My wife insists on divorce, but I love her and want to live together

My wife insists on divorce, but I love her and want to live together
Photo is illustrative in nature. From open sources.

I am divorcing my wife, we have lived together for 8 years. There are two children - 3 and 7 years old. I will write briefly our entire familylife .

This happened when I was in my 4th year at the institute. A classmate invited me to a housewarming party. There I met her, my future wife (her apartment ). A classmate was supposed to have a wedding with her in 2 months, but as I understand it, she didn’t really want it. She was 19 years old.

That evening we fell in love with her, and two weeks later we started dating. Two months later I moved in with her. Two months after moving, we submitted an application to the registry office, and the wedding was planned for May. And in January they found out that shepregnant ​Well, at first it was hard, then it was okay.

Globalproblems appeared two years before the divorce. I left my job so she could go to work, her salary was twice as much as mine. I was babysitting the children. Sometimes I worked part-time. After about a year I started feeling sick. She works five days a week. From 8 to 17 there was no one to look after the children, test-antibiotic.com when the mother-in-law retired. And now this day has come. I found a job, but the salary was about 20 thousand. I felt out of place. He often lost himself in his thoughts. My wife always came tired, intimacy was rare, she was always the initiator, and now she demanded it from me. On New Year 2019 we decided to go our separate ways. But, she called me back on the 6th-7th of January to try everything again, but on the 10th I saw correspondence with another man. And in the end she said that she didn’t love me and wanted me to see it, she said that she wanted to say it herself.

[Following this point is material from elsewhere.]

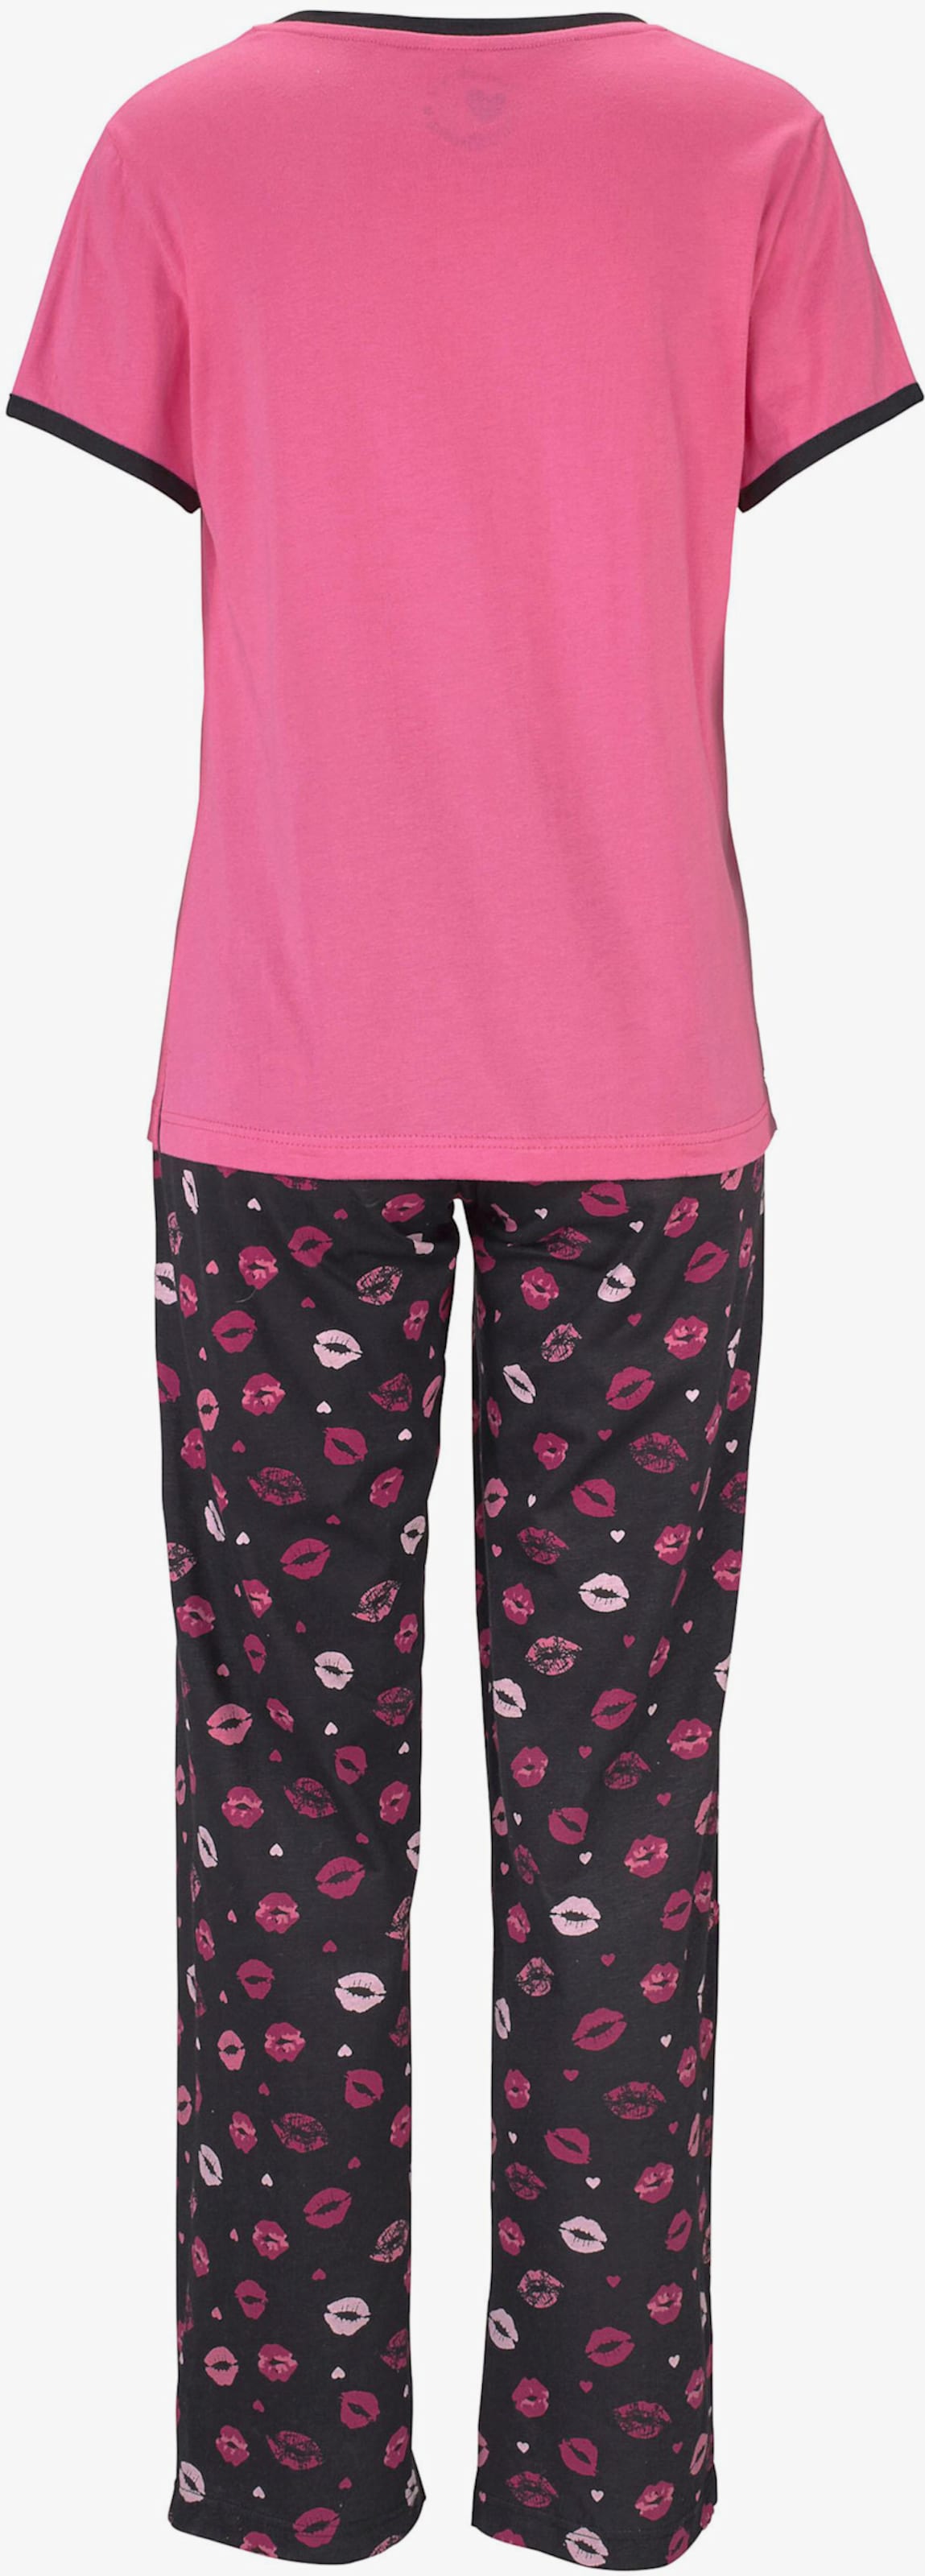 Vivance Dreams Pyjama - roze-zwart gedessineerd
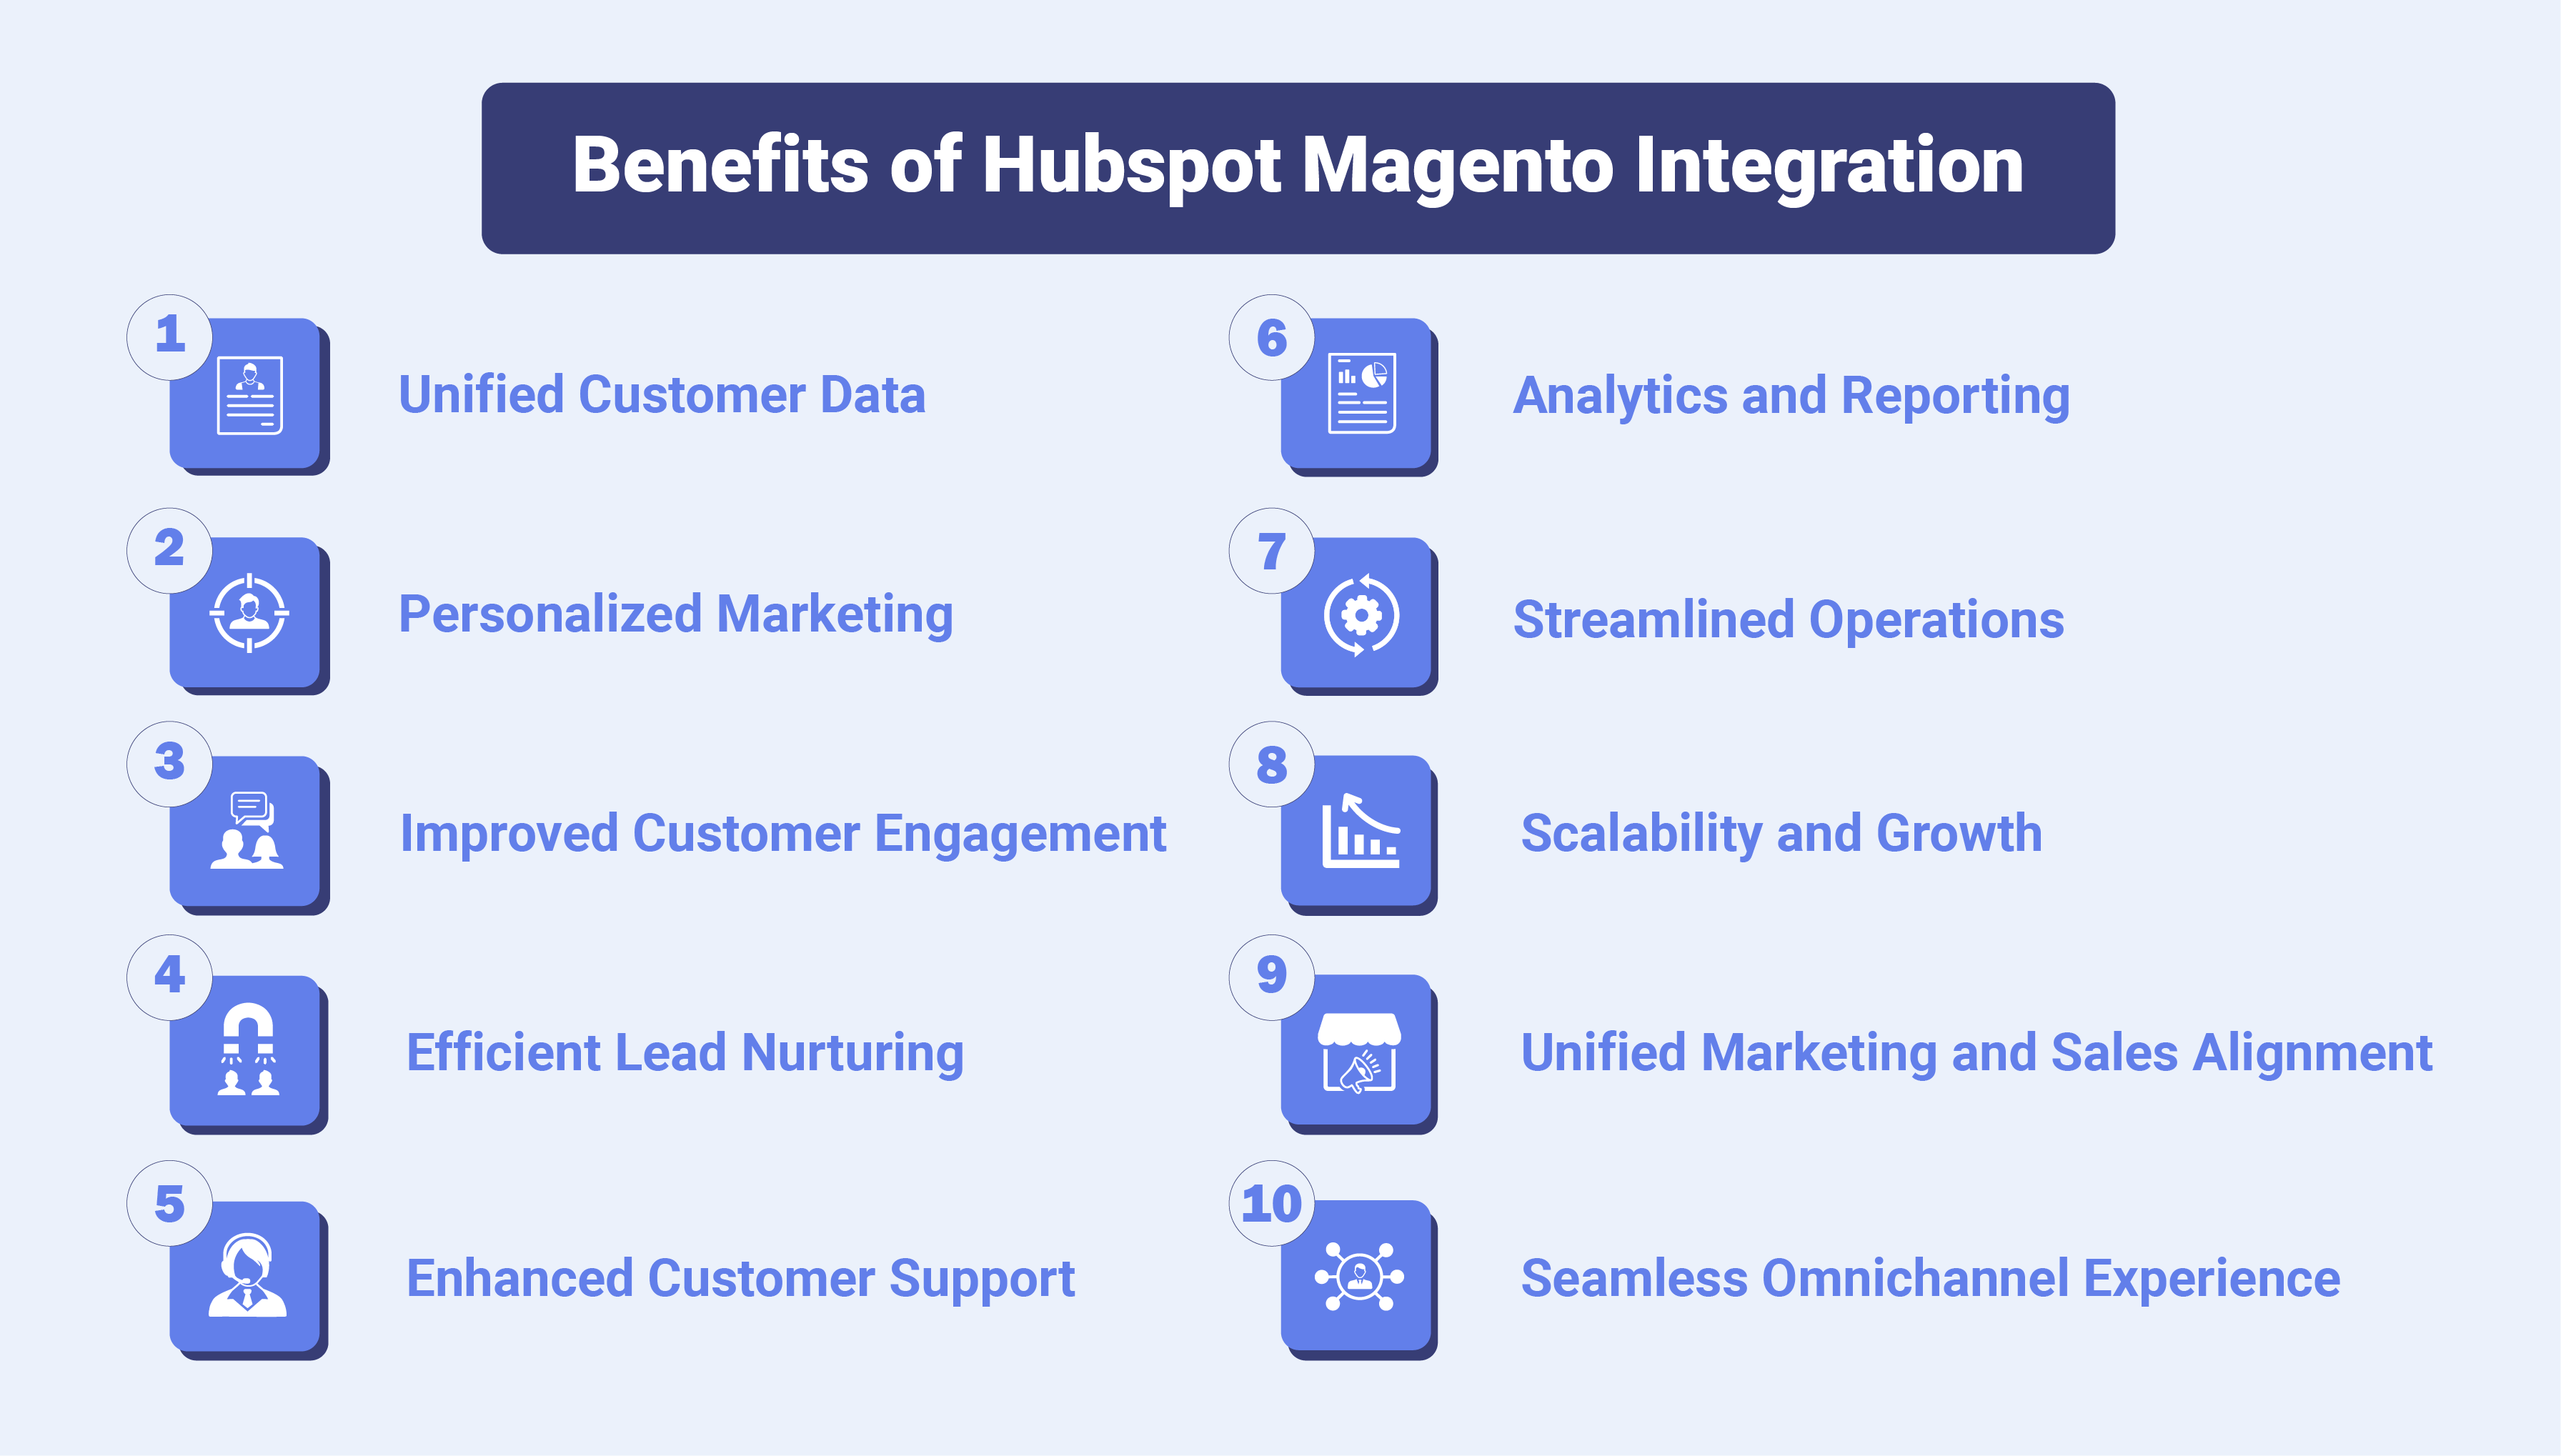 Benefits of Hubspot Magento Integration

It turns out that I returned in vain, since she started corresponding with him before the New Year (The correspondence was very emotional). She was freaking out, but they decided that I would stay (the children are more important), she was offered a transfer to another city, and I and the children would stay here. Everything was fine for two days. But I was offered a job two days later. With a good salary. But she and herthe mother was told that she was not obliged (mother-in-law) to sit with the children at night, test-antibiotic.com whenthe wife will leave. So, I sacrificed, sat at home for her sake. And I got stuck, I went to another city and wanted to start all over again, but when I was there, I realized that I had done something stupid and decided to return. As a result, my wife didn’t let me in.

I currently live with my parents. I miss her and the children. But she doesn't make contact well. Doesn't want to discuss. Sometimes I hang out, blame myself (I cry that I ruined my life), I don’t sleep at night, but I can’t do anything. I started taking light tranquilizers. But something doesn't help. Alcohol doesn't help. I can't get distracted. I don't know how to change everything. Or let her go? As soon as I imagine that there is another man with her and next to the children, I am ready to go and punch him in the face. My wife is tough, but I am quiet and calm. The divorce is scheduled for the 25th. They won't ask for items from me becauseI will pay the loan . What do you advise?